Journal des débats (p. 25-30).




V


— Je ne sais quelle est votre opinion, Mme Weston, dit M. Knightley, sur l’intimité qui est en train de s’établir entre Emma et Henriette Smith. Quant à moi, je ne l’approuve pas.

— Vraiment ! Et pourquoi ?

— Je crains qu’elles n’aient une fâcheuse influence l’une sur l’autre.

— Vous m’étonnez, Harriet ne peut que gagner à ce contact et d’autre part, en devenant pour Emma un objet d’intérêt, elle rendra indirectement service à son amie. Je prévois que cette divergence d’opinions va servir de préface à une de nos querelles à propos d’Emma.

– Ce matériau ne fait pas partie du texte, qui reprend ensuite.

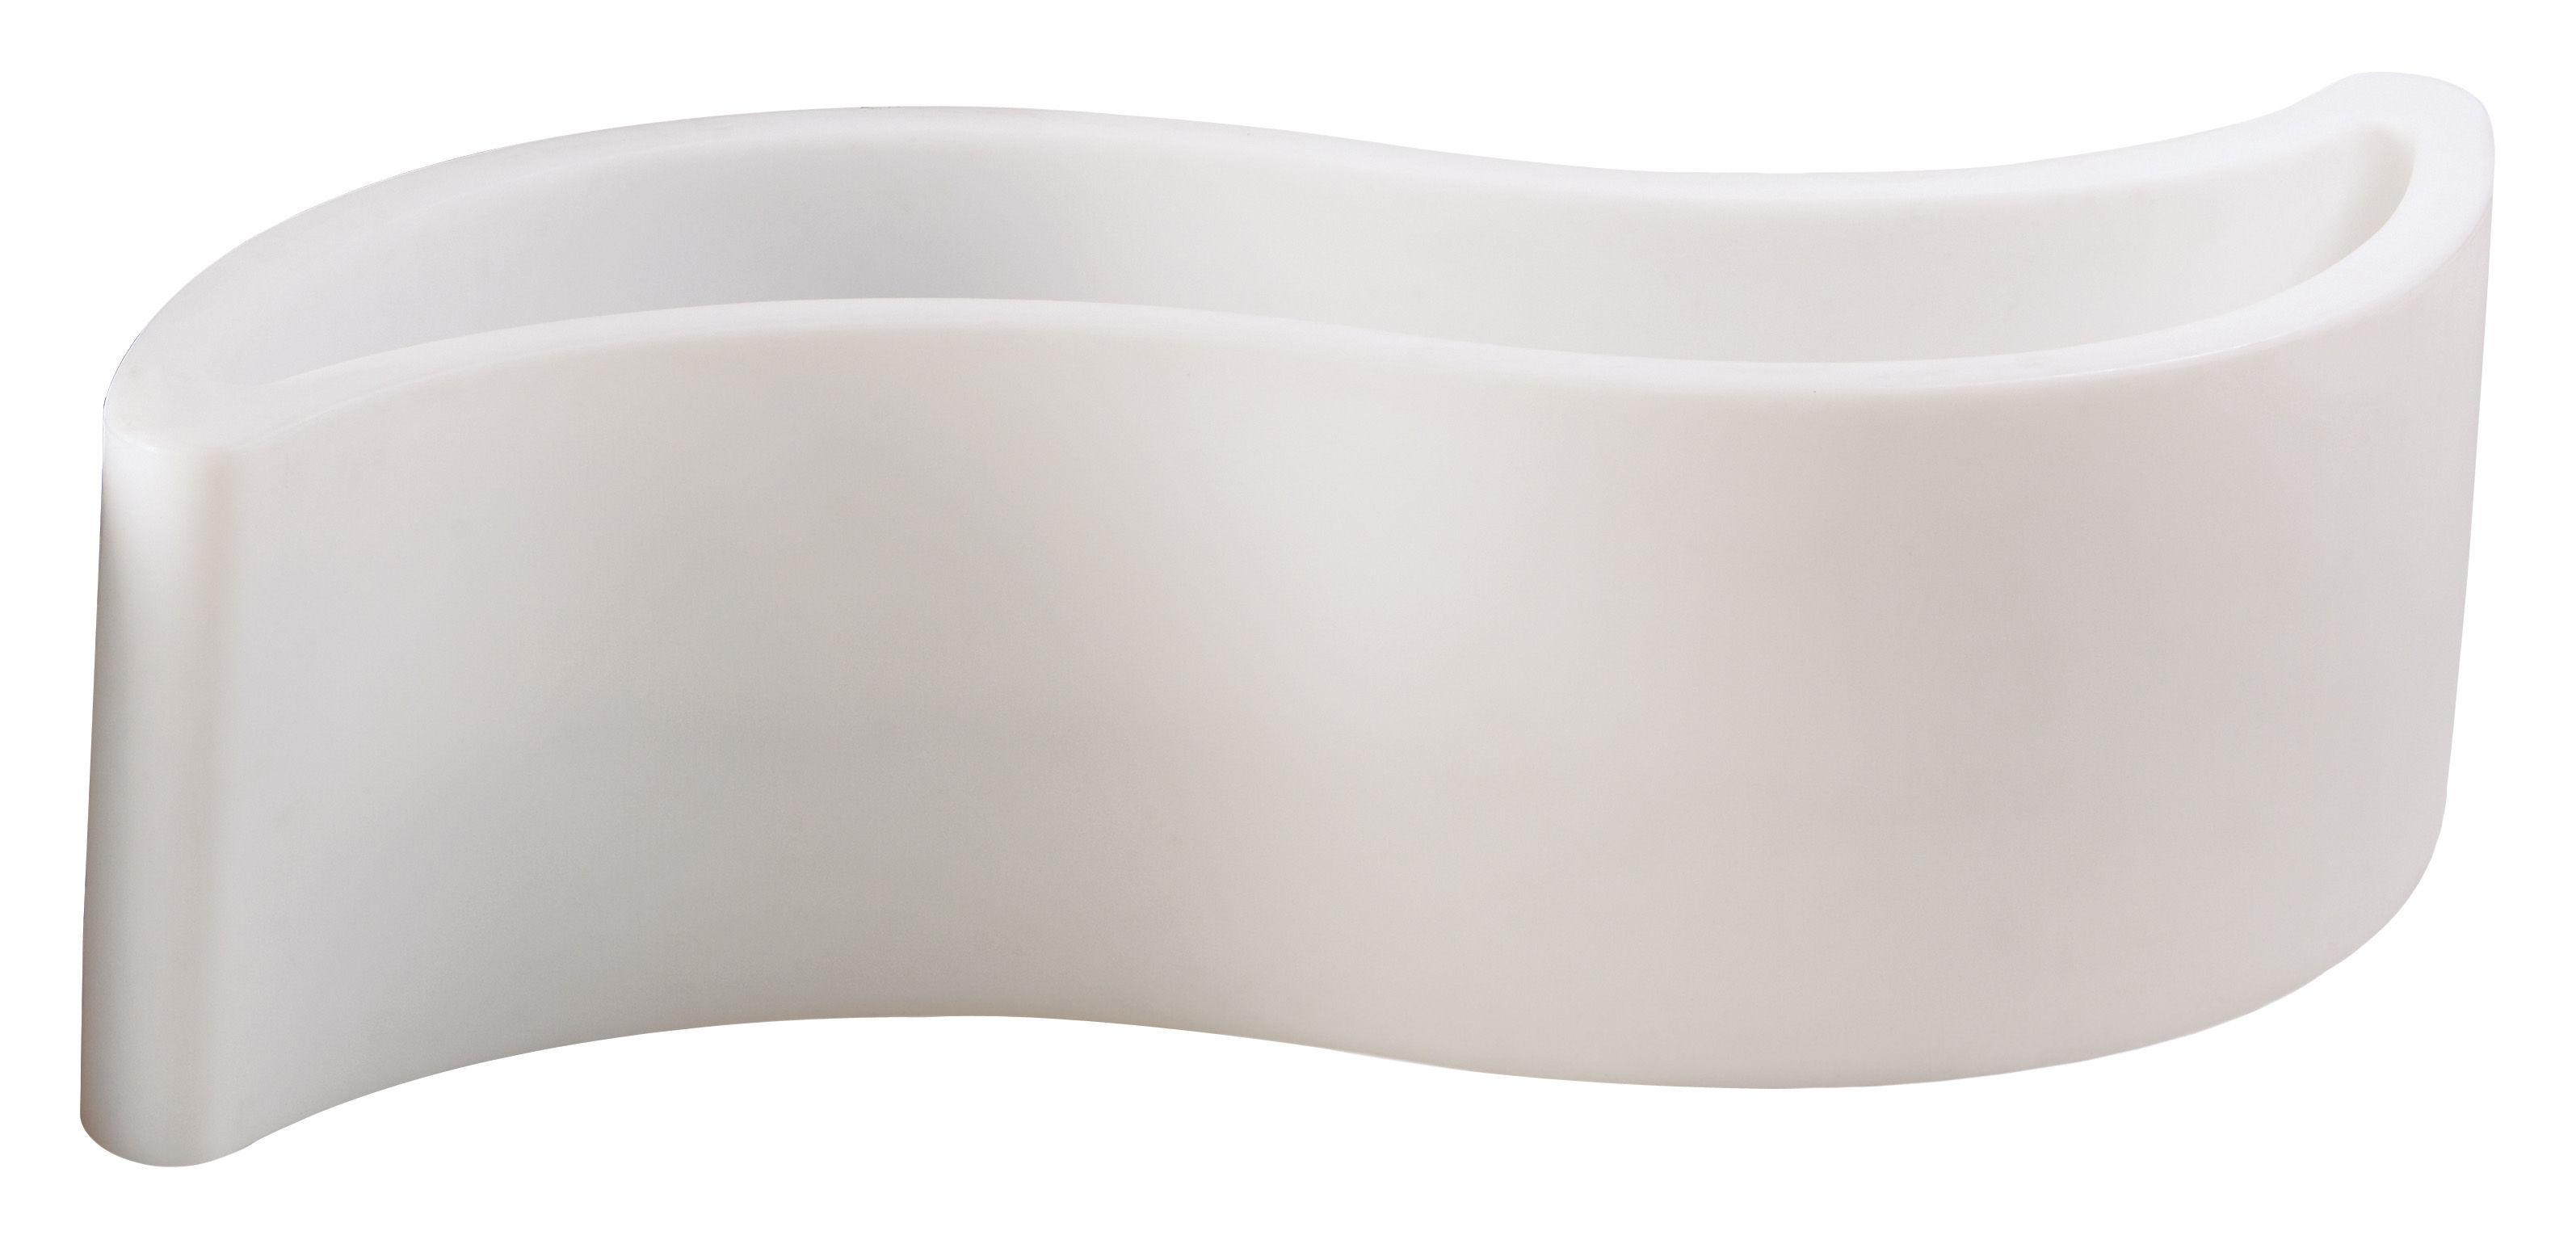 Möbel - Bänke - Wave Blumenkasten /Bank - Slide - Weiß - polyéthène recyclable

— Vous l’avez deviné sans doute : je profite de l’absence de M. Weston pour livrer bataille. Il faut que vous vous défendiez toute seule comme autrefois.

— M. Weston, s’il était là, serait assurément de mon côté, car il partage entièrement ma manière de voir : nous parlions précisément d’Emma, hier soir, et nous étions d’accord pour considérer comme une bonne fortune qu’il se soit trouvé, à Hartfield, une jeune fille en situation de lui tenir compagnie. Du reste, Monsieur Knightley, je vous récuse comme juge en cette affaire : vous êtes si habitué à vivre seul que vous ne pouvez pas vous rendre compte du réconfort qu’une femme trouve dans la société d’une de ses semblables. Je vois venir votre objection relativement à Harriet Smith : ce n’est pas la jeune fille supérieure que devrait être l’amie d’Emma… je l’accorde ; mais d’autre part, je sais qu’Emma se propose de lire avec Harriet, ce sera pour elle une occasion de s’occuper sérieusement.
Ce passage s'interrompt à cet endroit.